Segundo Dagoberto José Fonseca (2009, p.61), a lei não libertou os negros nascidos de mulheres escravizadas, pois eles dependiam dos cuidados maternos, sobretudo da amamentação. Ao contrário, teve consequências sociais gravíssimas à medida que se as crianças eram livres e as mães cativas, não havia obrigações dos senhores em relação aos filhos, de modo que um número expressivo de crianças foi relegado ao abandono.

Em outros casos, mesmo que livre, a criança ficava sob a tutela dos donos da mãe até que completasse 21 anos, o que representava uma escravidão camuflada, visto que a criança permanecia servindo tal como escravizada. Essa situação abria uma remota possibilidade de educação formal para negros, visto que se os senhores de suas mães eram responsáveis por sua tutela, também o eram por sua educação, o que era demonstrado na própria legislação da época (FONSECA, M., 2001, p. 12):

Art. 7o — Os filhos das escravas nascidos depois da publicação desta lei serão considerados livres. Os libertos em virtude desta disposição ficarão em poder e sob a autoridade dos senhores de suas mães, que exercerão sobre eles o direito de patronos, e terão a obrigação de criá-los e tratá-los, proporcionando-lhes sempre que for possível a instrução elementar (Câmara dos Deputados, 1874, p. 27).

Essa indicação legal não se constituía em obrigatoriedade, mas abria possibilidades de ação dos senhores e principalmente em aceitação de algumas instituições, uma vez que legalmente negros não eram considerados cidadãos e não poderiam reivindicar direitos. Dentre essas instituições, pode-se citar o Colégio de Nossa Senhora do Amparo e o

Instituto dos Educandos Artífices,que eram instituições paraenses devotadas a receberam filhos de mães escravizadas.

Lei da Abolição da Escravatura: o Decreto 3353, de 13 de maio de 1888, mais conhecido como Lei Áurea, que é assinado pela princesa Isabel e coloca fim à escravidão no Brasil.

O caminho até a promulgação das leis citadas demonstra que não houve a preocupação de pensar o negro como alguém livre, detentor de direitos e partícipe da sociedade, mas, como fruto de uma série de conveniências políticas, econômicas e de orientação internacional para que o Brasil se construísse conforme os ditames políticos exigidos pela realidade internacional do século XIX. Sobre os reais interesses a respeito da abolição, Skidmore (2012, p.53) esclarece a posição em que se encontravam os fazendeiros conservadores a respeito da abolição:

No último minuto, viram que a substituição dos escravos por trabalhadores livres poderia ser até benéfica, porque estes poderiam ser menos caros e mais eficientes que aqueles. Além disso, conduzir o passo final para a abolição manteria o governo sob o controle da elite agrária, impedindo assim a ascensão ao poder de abolicionistas de longa data que talvez viessem com ideias radicais como reforma agrária.
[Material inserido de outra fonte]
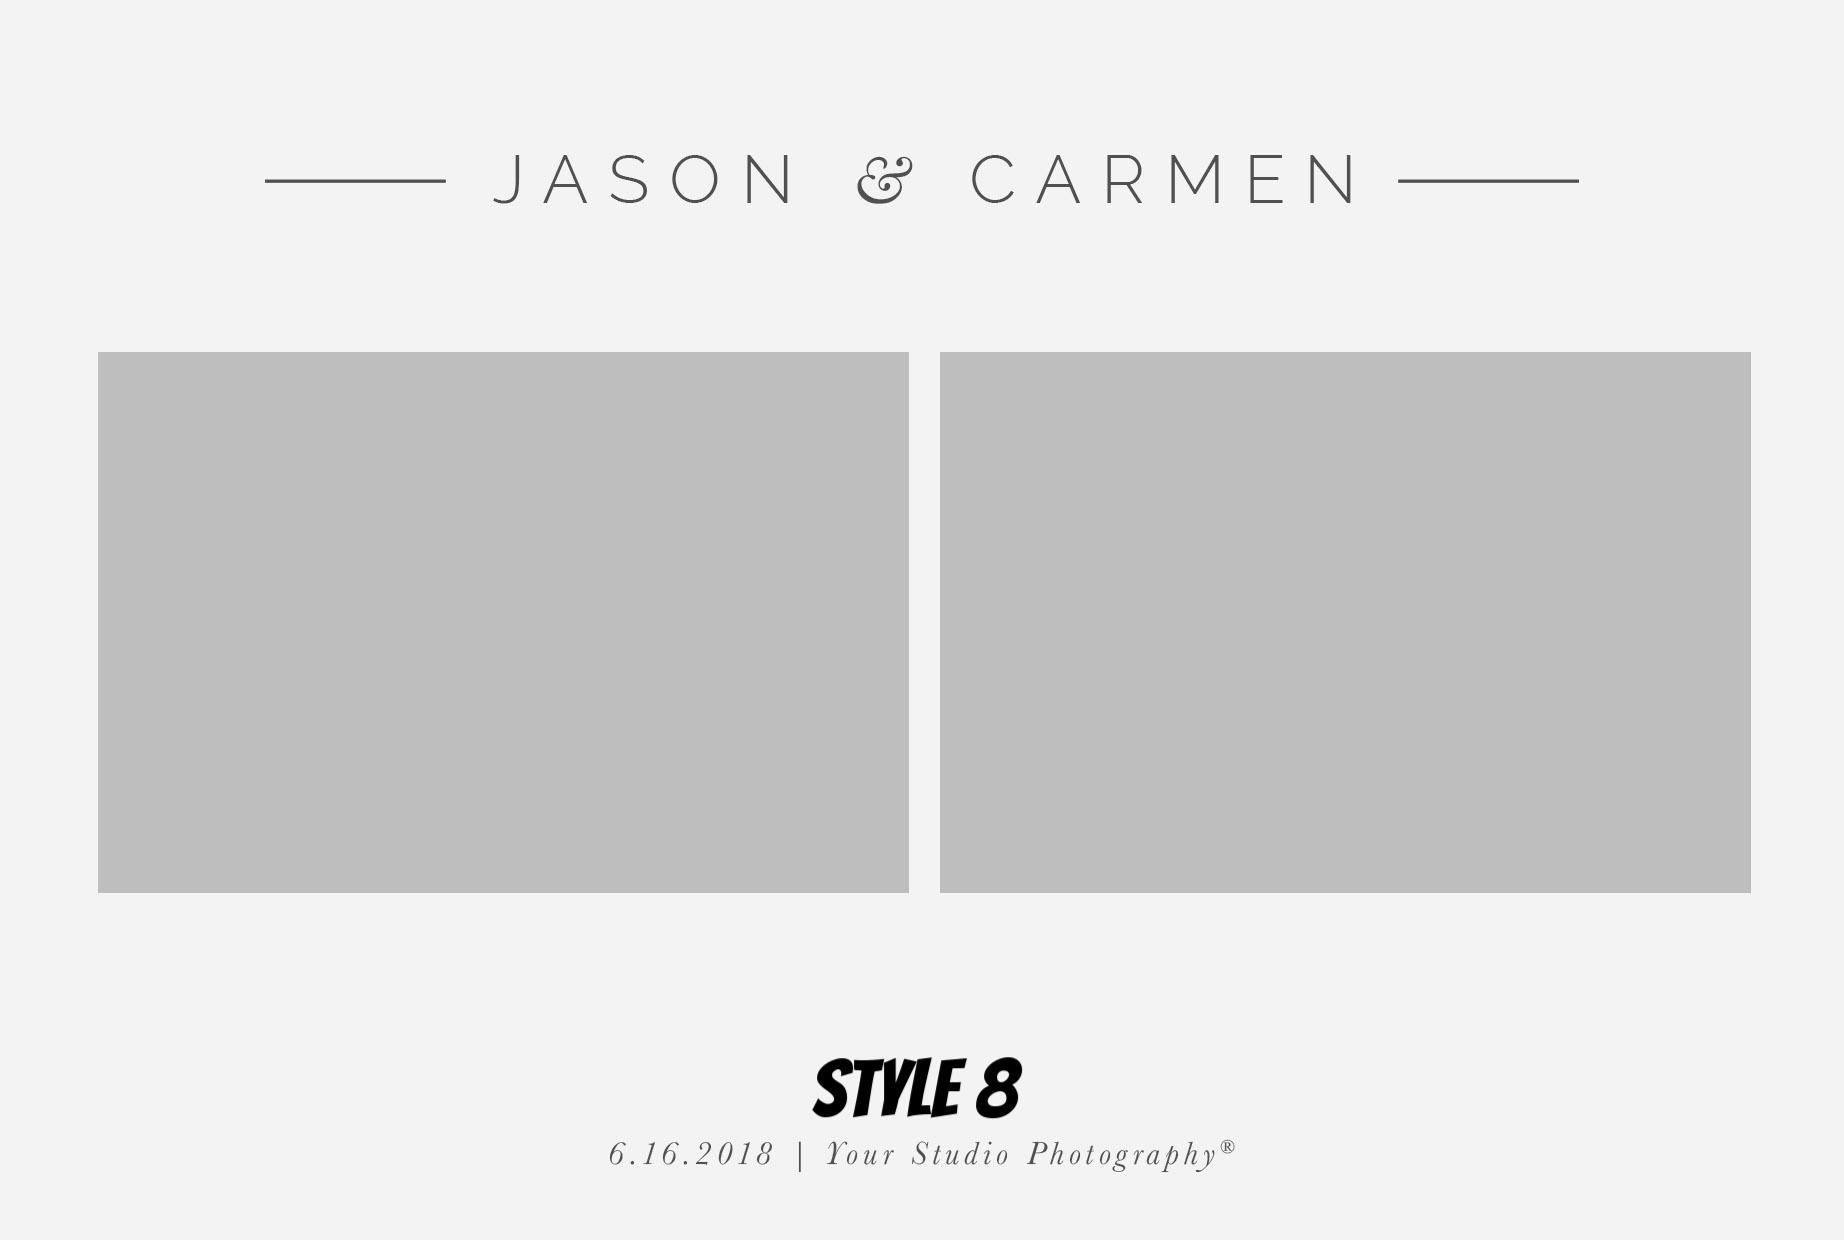 4x6_STYLE_8.jpg

Em resumo, o foco da abolição da escravidão não foi o bem estar dos ex- escravizados, uma vez que foram pensadas maneiras de substituição de sua mão de obra, de modo a obter resultados até mais eficientes. Quanto aos ex-escravizados, não houve um planejamento que visasse a sua inserção na sociedade. Ao contrário, permaneceram à margem, tornando-se um ônus social.